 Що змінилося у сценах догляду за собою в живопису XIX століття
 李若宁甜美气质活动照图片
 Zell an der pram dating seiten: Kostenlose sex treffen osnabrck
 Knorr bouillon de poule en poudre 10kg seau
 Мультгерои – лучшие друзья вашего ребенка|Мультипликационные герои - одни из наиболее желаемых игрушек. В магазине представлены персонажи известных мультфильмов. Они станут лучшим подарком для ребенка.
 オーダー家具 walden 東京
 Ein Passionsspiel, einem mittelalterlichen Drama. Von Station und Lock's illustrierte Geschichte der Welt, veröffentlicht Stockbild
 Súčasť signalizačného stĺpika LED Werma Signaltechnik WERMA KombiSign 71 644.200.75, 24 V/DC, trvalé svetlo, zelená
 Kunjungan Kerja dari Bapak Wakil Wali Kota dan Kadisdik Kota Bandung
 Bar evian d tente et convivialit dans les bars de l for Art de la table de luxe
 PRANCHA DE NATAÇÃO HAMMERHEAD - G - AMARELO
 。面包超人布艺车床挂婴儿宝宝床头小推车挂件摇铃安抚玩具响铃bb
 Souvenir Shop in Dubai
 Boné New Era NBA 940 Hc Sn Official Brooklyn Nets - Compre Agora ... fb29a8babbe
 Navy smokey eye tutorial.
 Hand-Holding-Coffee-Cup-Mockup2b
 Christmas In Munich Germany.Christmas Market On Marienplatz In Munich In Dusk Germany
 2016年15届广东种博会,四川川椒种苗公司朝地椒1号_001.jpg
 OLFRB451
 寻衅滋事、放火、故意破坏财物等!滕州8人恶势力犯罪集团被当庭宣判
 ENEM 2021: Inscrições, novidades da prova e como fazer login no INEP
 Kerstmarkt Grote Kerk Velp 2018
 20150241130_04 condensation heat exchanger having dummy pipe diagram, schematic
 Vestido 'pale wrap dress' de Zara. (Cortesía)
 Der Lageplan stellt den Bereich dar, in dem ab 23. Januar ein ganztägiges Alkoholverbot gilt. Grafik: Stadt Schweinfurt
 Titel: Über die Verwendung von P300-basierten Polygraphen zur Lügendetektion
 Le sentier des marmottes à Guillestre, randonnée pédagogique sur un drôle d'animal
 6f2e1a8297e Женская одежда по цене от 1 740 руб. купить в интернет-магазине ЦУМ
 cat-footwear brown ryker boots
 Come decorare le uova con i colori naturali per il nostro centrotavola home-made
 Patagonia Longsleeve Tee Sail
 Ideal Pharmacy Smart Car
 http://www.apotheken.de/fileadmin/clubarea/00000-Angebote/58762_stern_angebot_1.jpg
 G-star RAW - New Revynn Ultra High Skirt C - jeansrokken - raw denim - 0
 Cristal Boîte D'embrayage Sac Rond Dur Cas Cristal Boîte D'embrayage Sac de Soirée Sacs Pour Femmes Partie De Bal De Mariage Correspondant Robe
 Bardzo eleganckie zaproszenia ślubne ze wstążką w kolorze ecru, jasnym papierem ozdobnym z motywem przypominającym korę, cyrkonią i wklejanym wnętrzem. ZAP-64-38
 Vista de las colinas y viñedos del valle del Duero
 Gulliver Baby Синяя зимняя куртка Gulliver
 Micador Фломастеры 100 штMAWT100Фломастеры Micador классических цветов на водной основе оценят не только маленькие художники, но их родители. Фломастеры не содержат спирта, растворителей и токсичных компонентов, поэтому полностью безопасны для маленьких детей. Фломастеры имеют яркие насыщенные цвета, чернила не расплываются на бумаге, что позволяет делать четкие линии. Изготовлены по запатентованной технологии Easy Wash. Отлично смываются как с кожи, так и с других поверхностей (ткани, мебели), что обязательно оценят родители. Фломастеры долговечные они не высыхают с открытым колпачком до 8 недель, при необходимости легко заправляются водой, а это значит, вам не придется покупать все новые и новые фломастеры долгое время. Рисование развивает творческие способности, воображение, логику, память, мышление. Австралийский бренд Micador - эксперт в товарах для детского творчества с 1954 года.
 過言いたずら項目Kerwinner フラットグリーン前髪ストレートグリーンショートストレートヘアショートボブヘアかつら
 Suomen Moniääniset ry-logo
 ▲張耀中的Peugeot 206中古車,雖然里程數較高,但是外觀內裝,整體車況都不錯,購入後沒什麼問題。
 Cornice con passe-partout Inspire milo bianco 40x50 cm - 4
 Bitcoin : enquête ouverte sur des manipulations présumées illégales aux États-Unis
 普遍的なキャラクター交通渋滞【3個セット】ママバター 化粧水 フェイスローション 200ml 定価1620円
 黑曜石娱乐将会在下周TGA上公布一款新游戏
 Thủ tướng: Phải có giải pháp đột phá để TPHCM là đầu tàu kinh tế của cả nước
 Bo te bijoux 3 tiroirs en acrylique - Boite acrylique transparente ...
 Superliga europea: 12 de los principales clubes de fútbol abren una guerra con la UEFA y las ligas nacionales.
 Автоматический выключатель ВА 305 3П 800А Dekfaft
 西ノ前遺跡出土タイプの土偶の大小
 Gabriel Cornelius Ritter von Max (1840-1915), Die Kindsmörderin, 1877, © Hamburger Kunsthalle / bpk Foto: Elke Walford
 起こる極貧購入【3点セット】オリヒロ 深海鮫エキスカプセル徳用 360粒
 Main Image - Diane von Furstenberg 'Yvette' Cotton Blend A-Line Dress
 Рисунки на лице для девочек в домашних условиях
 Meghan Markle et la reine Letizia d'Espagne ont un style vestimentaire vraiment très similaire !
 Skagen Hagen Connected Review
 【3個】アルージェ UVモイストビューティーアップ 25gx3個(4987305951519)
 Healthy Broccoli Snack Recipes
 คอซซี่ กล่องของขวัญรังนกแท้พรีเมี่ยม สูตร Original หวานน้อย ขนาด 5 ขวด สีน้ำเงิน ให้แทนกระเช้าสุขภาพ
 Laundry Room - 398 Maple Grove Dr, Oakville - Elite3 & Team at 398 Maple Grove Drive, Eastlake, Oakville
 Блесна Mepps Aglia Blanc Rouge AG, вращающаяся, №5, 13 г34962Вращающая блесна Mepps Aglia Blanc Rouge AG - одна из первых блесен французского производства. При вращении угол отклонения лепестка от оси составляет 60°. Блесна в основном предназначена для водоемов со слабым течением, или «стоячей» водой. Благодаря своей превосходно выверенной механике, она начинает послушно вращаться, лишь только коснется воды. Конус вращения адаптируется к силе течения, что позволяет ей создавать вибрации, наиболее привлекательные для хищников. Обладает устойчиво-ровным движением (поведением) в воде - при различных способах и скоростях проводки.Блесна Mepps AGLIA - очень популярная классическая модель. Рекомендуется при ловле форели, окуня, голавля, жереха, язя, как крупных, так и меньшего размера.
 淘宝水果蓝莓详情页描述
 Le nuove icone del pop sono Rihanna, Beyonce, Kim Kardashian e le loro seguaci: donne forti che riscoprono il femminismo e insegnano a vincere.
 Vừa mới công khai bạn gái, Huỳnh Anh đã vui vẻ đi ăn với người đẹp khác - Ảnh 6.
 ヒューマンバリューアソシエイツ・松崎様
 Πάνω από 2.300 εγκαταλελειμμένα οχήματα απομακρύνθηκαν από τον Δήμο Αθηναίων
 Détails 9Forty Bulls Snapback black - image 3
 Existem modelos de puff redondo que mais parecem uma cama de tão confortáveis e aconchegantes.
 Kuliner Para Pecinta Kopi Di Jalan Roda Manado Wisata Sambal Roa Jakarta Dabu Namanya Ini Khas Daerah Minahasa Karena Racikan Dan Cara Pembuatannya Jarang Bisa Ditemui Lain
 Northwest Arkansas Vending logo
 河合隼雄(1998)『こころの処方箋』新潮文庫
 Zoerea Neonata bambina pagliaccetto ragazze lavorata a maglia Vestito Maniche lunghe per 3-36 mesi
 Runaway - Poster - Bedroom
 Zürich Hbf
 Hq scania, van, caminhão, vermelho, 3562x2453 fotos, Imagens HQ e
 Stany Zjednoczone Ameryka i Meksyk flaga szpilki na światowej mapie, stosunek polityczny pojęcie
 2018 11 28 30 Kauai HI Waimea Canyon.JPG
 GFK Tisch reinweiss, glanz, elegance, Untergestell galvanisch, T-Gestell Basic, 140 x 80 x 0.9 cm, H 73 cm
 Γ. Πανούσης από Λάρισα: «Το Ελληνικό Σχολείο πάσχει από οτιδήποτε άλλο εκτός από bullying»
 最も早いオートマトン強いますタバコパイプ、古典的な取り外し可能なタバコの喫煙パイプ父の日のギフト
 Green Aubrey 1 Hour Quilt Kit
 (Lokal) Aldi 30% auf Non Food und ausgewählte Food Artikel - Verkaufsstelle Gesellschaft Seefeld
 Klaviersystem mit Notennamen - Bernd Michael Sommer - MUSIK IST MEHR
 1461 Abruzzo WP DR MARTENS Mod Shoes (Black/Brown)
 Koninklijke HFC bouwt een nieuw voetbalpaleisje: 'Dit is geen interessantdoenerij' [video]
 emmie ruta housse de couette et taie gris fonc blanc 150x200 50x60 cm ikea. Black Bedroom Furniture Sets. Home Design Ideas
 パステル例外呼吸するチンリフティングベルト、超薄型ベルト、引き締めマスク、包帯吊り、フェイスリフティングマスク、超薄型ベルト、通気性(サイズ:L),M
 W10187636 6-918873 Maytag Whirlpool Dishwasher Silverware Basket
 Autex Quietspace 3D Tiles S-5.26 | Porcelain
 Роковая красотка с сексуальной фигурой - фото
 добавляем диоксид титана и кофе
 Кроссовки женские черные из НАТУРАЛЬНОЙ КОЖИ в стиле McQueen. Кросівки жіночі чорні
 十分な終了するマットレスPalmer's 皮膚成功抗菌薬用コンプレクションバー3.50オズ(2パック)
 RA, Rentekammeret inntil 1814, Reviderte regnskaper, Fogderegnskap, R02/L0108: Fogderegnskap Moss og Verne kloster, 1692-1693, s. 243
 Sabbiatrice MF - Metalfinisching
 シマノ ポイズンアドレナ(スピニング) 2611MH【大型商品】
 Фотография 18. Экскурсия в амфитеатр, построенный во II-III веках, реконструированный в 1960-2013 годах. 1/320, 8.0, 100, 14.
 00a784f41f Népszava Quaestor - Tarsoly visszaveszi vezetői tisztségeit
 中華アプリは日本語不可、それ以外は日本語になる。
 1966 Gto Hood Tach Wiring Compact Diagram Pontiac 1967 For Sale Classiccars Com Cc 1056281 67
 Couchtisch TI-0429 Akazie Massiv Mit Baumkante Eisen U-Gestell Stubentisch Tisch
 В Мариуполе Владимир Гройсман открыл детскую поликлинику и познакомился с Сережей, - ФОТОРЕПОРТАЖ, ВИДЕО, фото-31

══════

WHAT IS NEEDED –
Retype only this portion of the data above: the line containing "GFK Tisch reinweiss, glanz, elegance, Untergestell", the line containing "1461 Abruzzo WP", and all lines between them, exactly.

COMPLETED TASK –
 GFK Tisch reinweiss, glanz, elegance, Untergestell galvanisch, T-Gestell Basic, 140 x 80 x 0.9 cm, H 73 cm
 Γ. Πανούσης από Λάρισα: «Το Ελληνικό Σχολείο πάσχει από οτιδήποτε άλλο εκτός από bullying»
 最も早いオートマトン強いますタバコパイプ、古典的な取り外し可能なタバコの喫煙パイプ父の日のギフト
 Green Aubrey 1 Hour Quilt Kit
 (Lokal) Aldi 30% auf Non Food und ausgewählte Food Artikel - Verkaufsstelle Gesellschaft Seefeld
 Klaviersystem mit Notennamen - Bernd Michael Sommer - MUSIK IST MEHR
 1461 Abruzzo WP DR MARTENS Mod Shoes (Black/Brown)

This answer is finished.